Is there any qualifications a dog can have to enter the trial? I have a pointing dog.


----------



## geojasstef (Jan 23, 2005)

Steelheadfred said:


> Hotel Rooms are available at my place for a discount if traveling from a ways a way we are not pet friendly so if you own setters and they cant sleep in a truck you wont be able to stay. All other breeds seem to be fine sleeping in a crate in a truck. :lol:
> 
> 
> 
> > Obviously you have a distorted view of the Setter breed. Mine for example has spent many nights sleeping on poorly made 200 count cotton sheets when we all know that most Setters prefer silk. She also has on occasion used a conventional "spring mattress" and not the superior sleep comfort system.....by the way her number is 65......... I guess some dogs are just tougher than others.


----------



## GSP Gal (Nov 12, 2005)

geojasstef said:


> Steelheadfred said:
> 
> 
> > Hotel Rooms are available at my place for a discount if traveling from a ways a way we are not pet friendly so if you own setters and they cant sleep in a truck you wont be able to stay. All other breeds seem to be fine sleeping in a crate in a truck. :lol:
> ...


----------



## N M Mechanical (Feb 7, 2008)

65 for a setter she is tough:lol::lol:


----------



## Steelheadfred (May 4, 2004)

MeatDog said:


> Is there any qualifications a dog can have to enter the trial? I have a pointing dog.


 
Second page of the PDF Link above has entry requirements. 
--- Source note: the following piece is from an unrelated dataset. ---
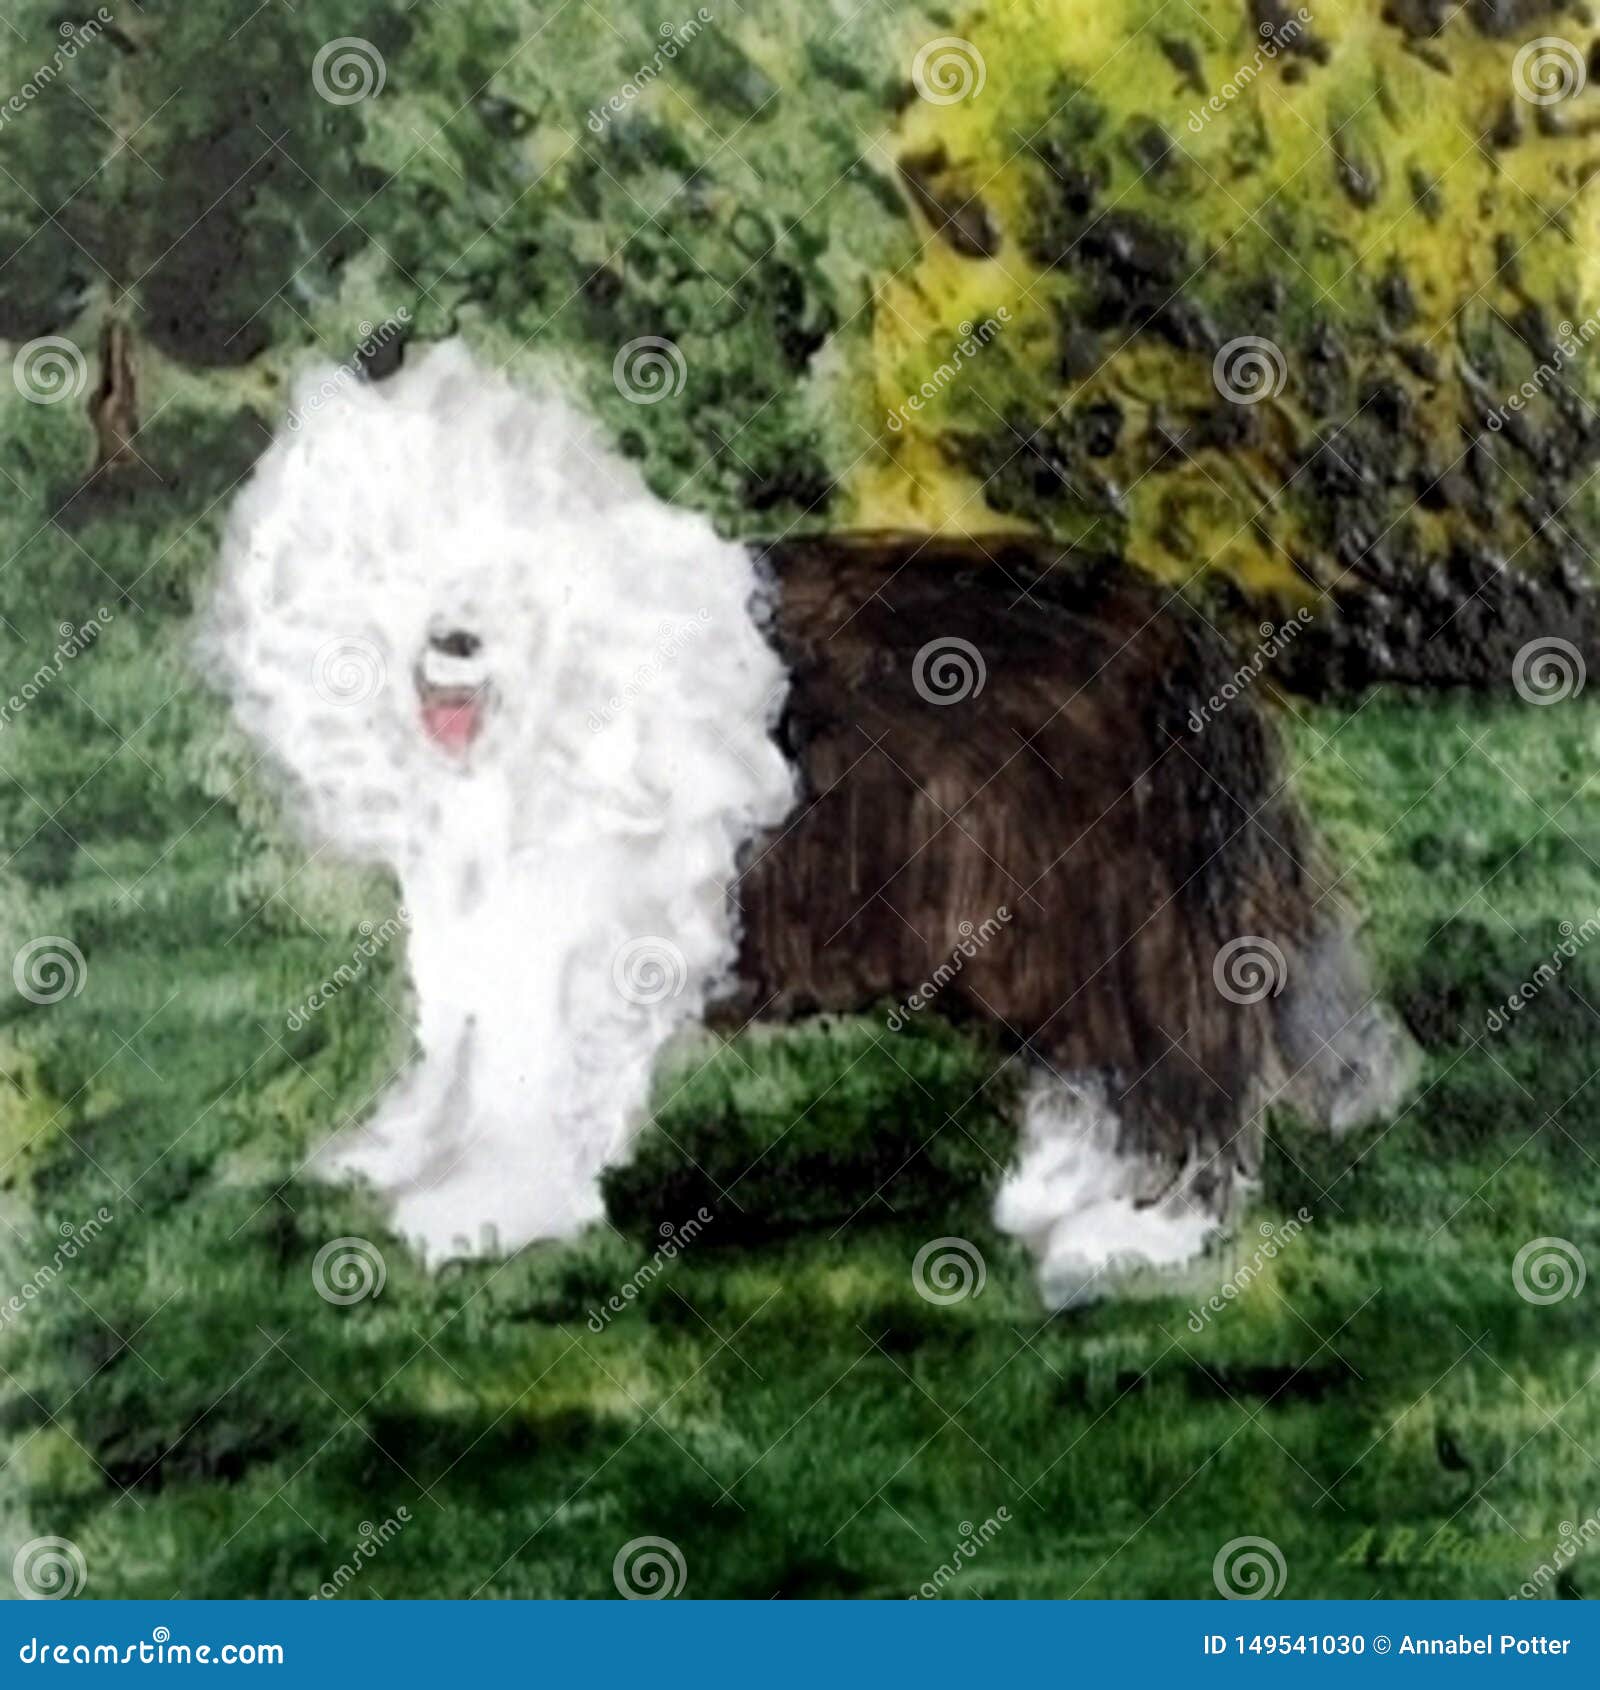 Old English Sheepdog Painting In A Garden Stock Illustration Illustration Of Sheepdog Original 149541030

We are not a sanctioned Field Trial or Hunt Test Organization - this is a great day with great people who own gun dogs and a little friendly competition.

Thanks Fritz


----------



## midwestfisherman (Apr 19, 2001)

Fritz, This is being run on a Sunday??


----------



## Unregistered4 (Dec 11, 2004)

midwestfisherman said:


> Fritz, This is being run on a Sunday??


Yes Jim. 

Fritz loves for us out-of-towners to be tired at work the next day. While, he rolls into work at around lunchtime, kicks up his feet on his mahogany desk, reaches into to his cigar humidor, filled with Cuban cigars, and lights up a big old cigar, while reading the morning paper and still dressed in his pajamas.

He's a big old meany...

Brian.


----------



## Benelli (Nov 8, 2001)

> Fritz, This is being run on a Sunday??


Club owner does not work on Saturdays, as I understand.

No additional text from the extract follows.